## EXERCISE DETAILS
Write out each line of the listing as it stands, without the images.

## PROVIDED DATA
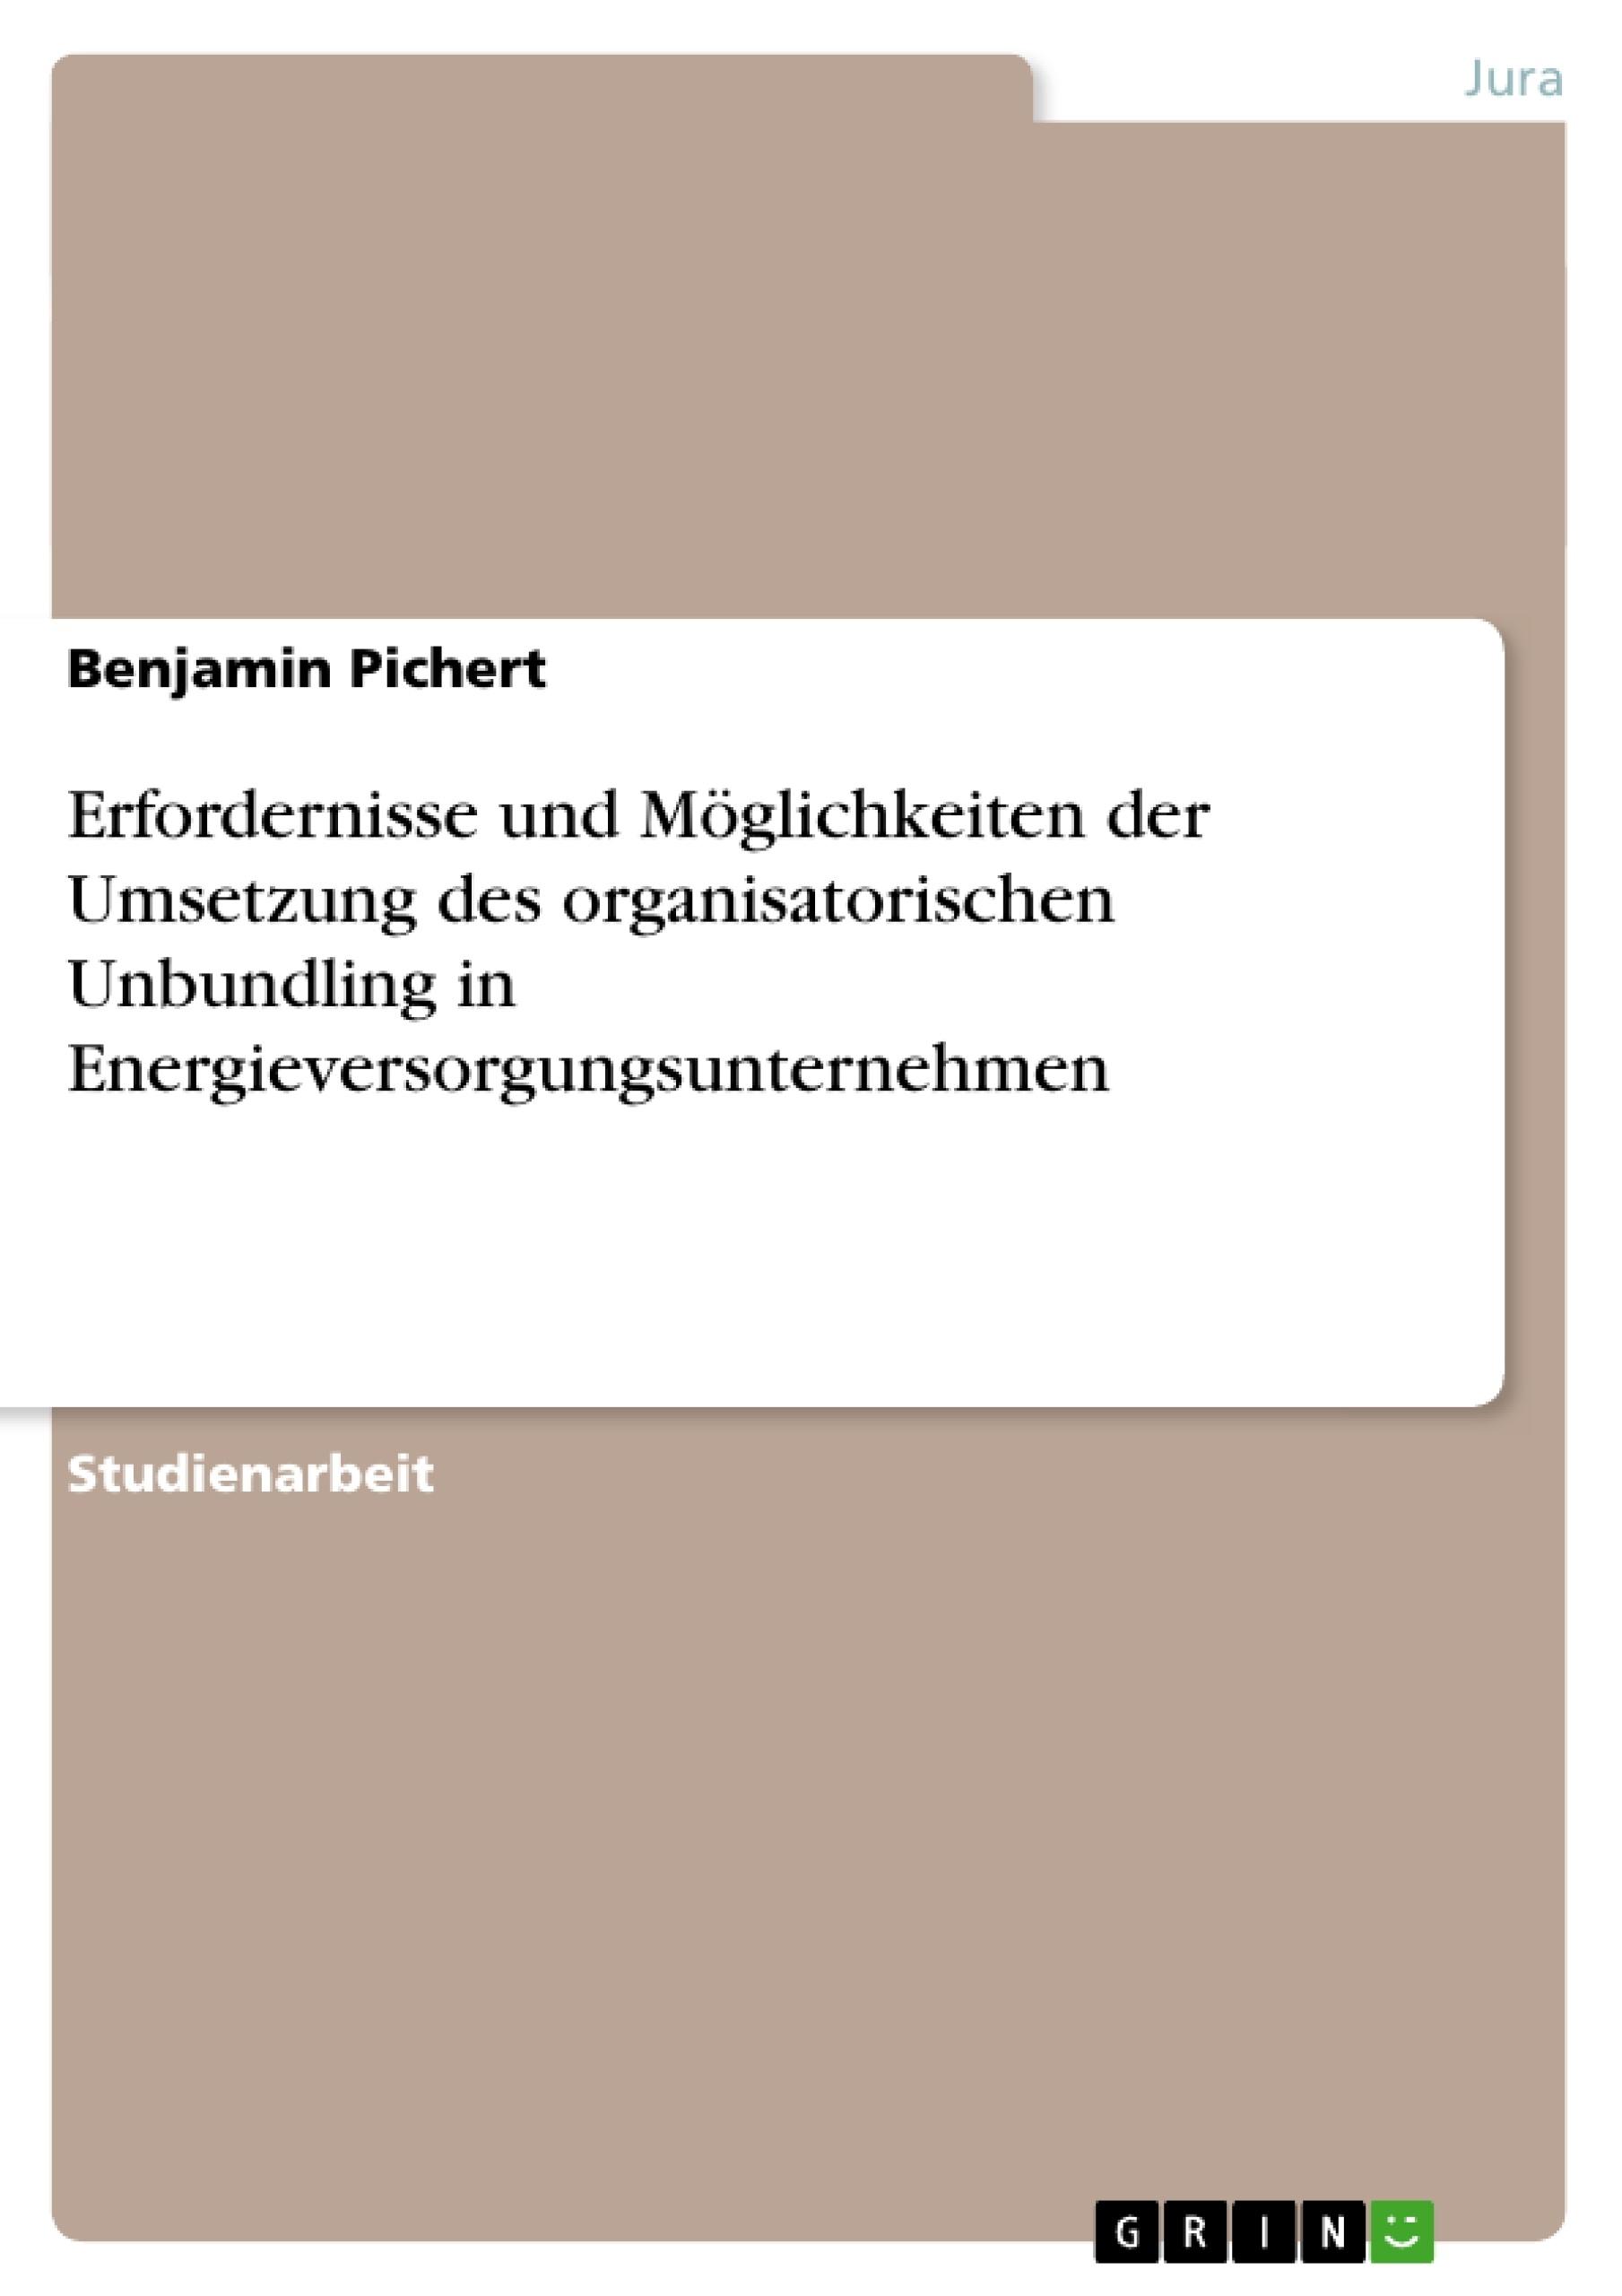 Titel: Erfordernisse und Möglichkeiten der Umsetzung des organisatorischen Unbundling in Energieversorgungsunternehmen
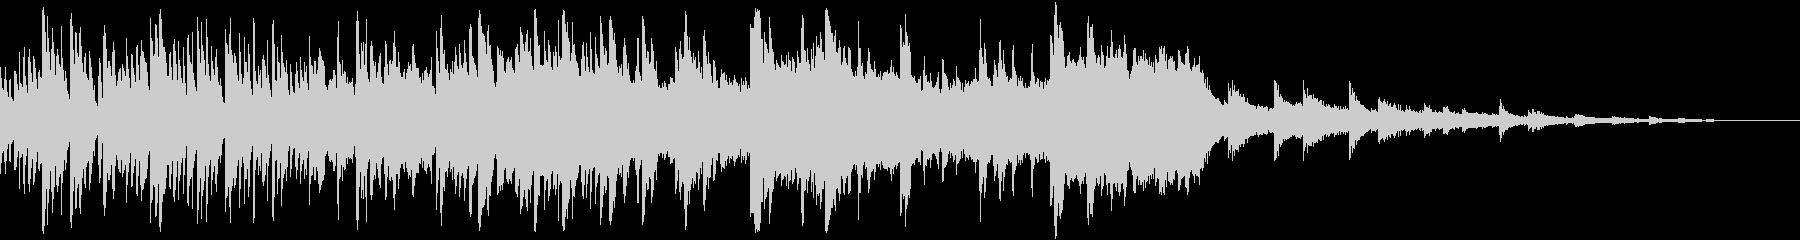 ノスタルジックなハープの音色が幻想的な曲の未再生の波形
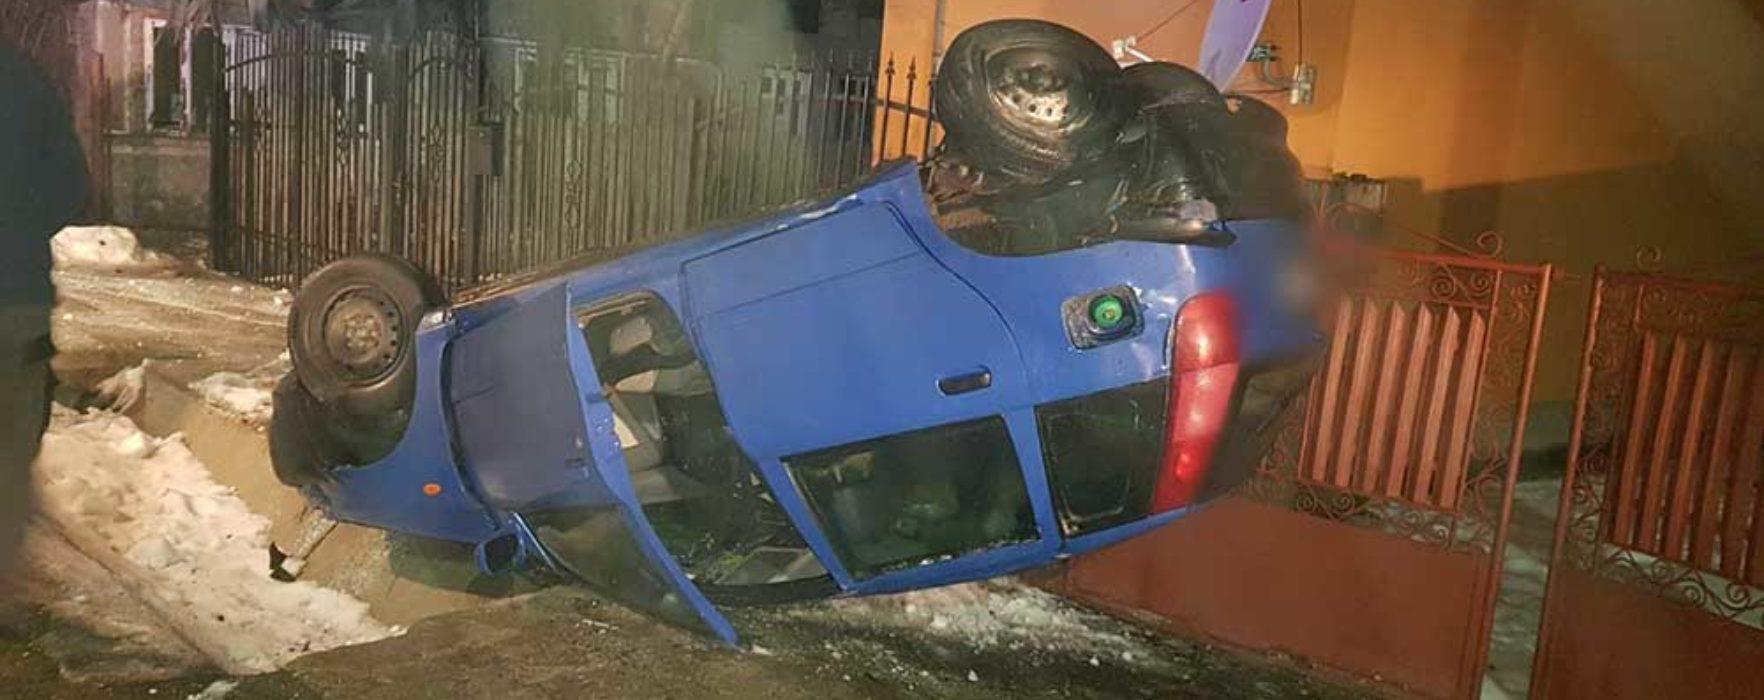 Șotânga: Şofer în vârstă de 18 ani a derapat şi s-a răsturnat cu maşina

## ANSWER TO THIS TASK
 Titel: Erfordernisse und Möglichkeiten der Umsetzung des organisatorischen Unbundling in Energieversorgungsunternehmen
 ノスタルジックなハープの音色が幻想的な曲の未再生の波形
 Șotânga: Şofer în vârstă de 18 ani a derapat şi s-a răsturnat cu maşina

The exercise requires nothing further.